PCB Design Review: HDMI To LVDS Sony Vaio LCD Devboard

Today, we revisit another board from [Exentio] – a HDMI/DVI to LVDS transmitter for the Sony Vaio P display. This board is cool to review – it has a high-speed serial interface, a parallel interface, a healthy amount of power distribution that can be tricky to route, and many connectors to look over.

I’ve decided to show this review to you all because it demonstrates a PCB improvement concept we haven’t yet touched upon, that you should absolutely know about when doing board layout. Plus, I get a chance to talk about connector choice considerations!

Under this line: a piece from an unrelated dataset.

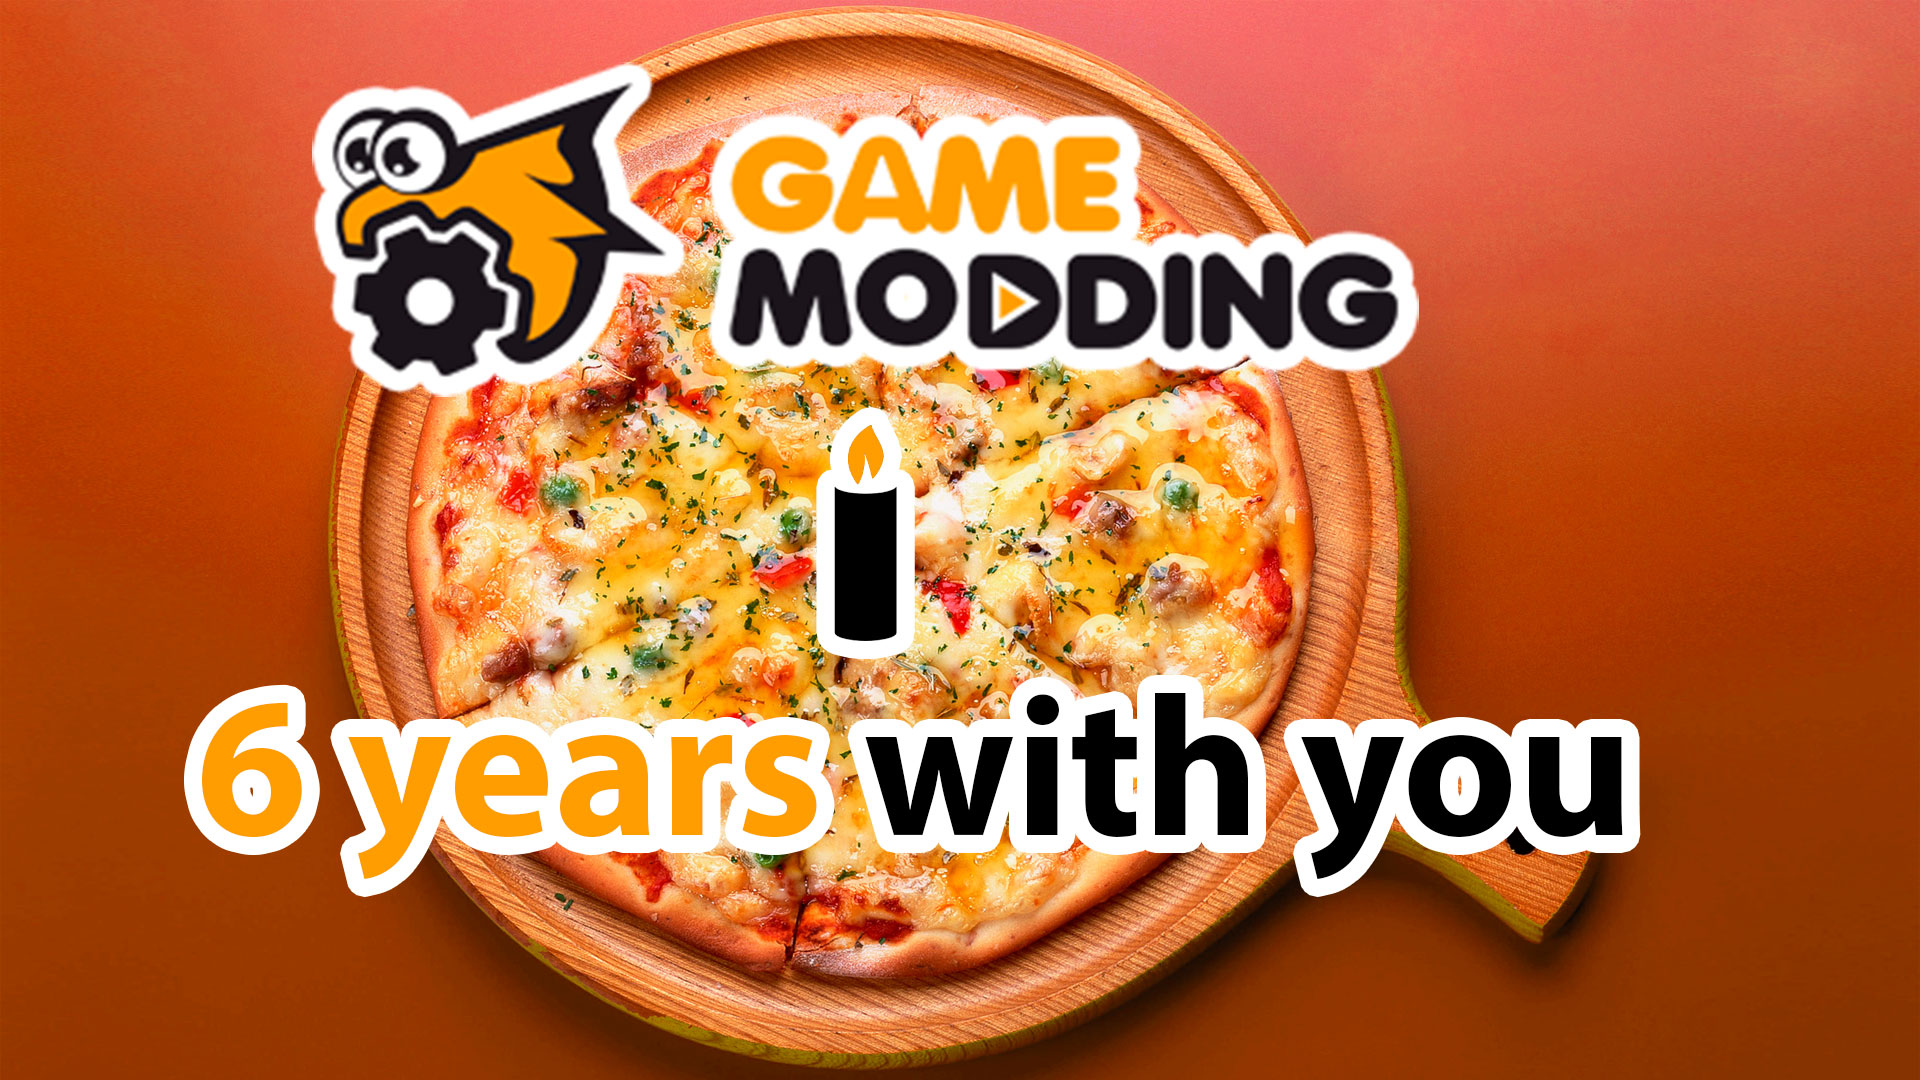 Game Modding celebrates 6 years!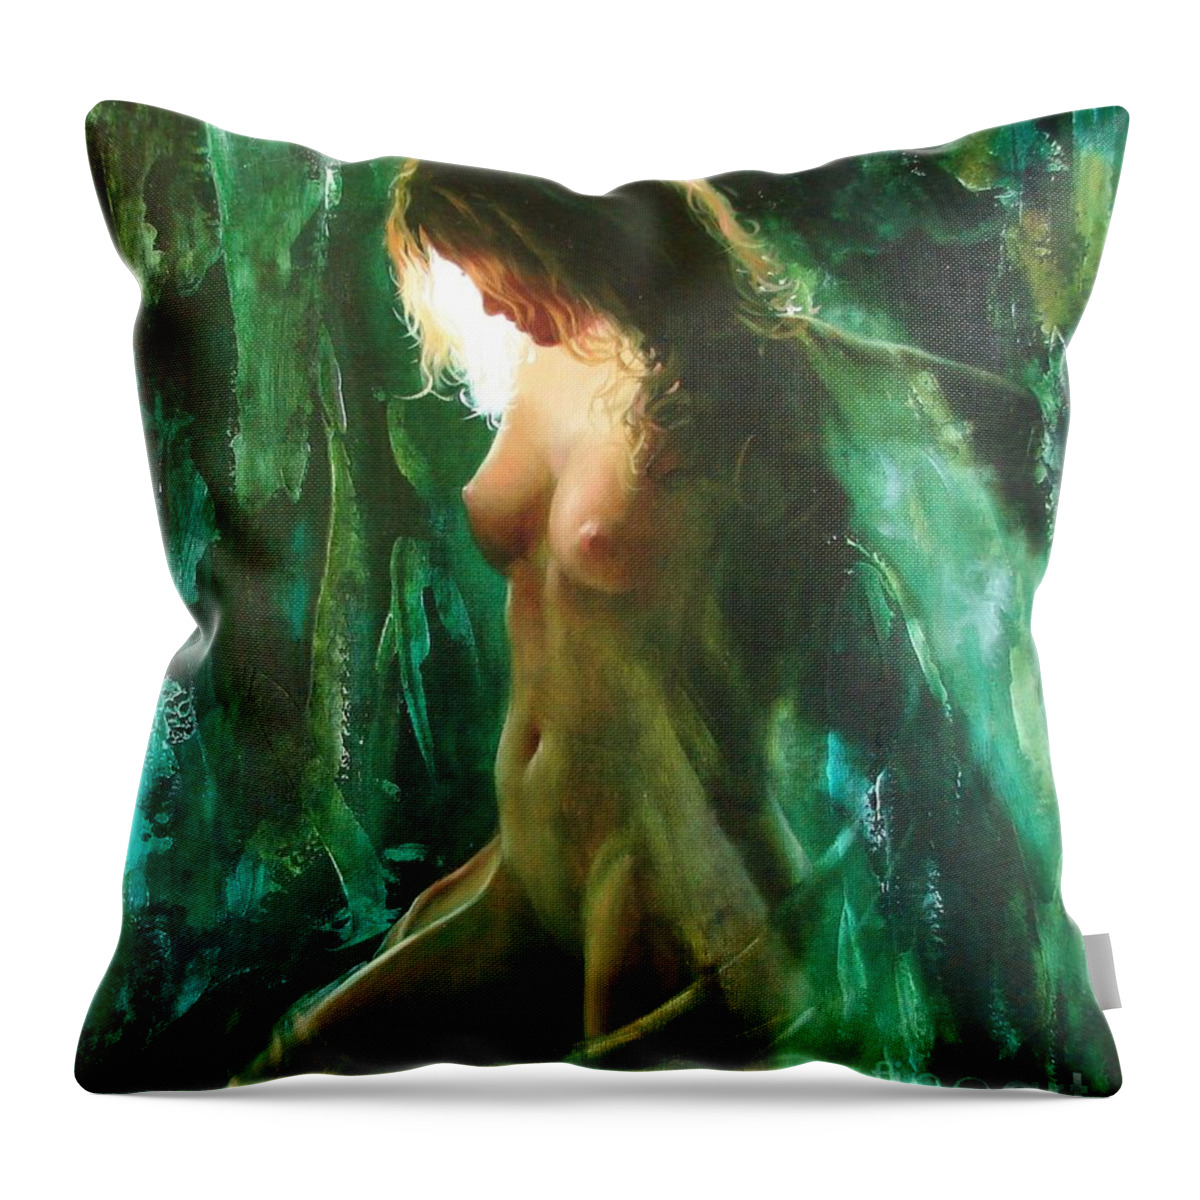 Art Throw Pillow featuring the painting The malachite light by Sergey Ignatenko

The board is lovely. It integrates the DPI-LVDS circuit we’ve previously reviewed, but also a HDMI to parallel RGB chip from Texas Instruments, TFP401, a chip appreciated enough that even Adafruit has adapters with it. The fun thing about this chip is that it doesn’t even handle EDID like the usual HDMI to RGB/LVDS chips you get on cheap Aliexpress boards. So, there’s no firmware to take care of – it just receives a HDMI/DVI signal, converts it into parallel RGB, then converts that to LVDS, and off to the display it goes. The downside is that you have to provide your own EDID with an EEPROM, but that isn’t that tricky.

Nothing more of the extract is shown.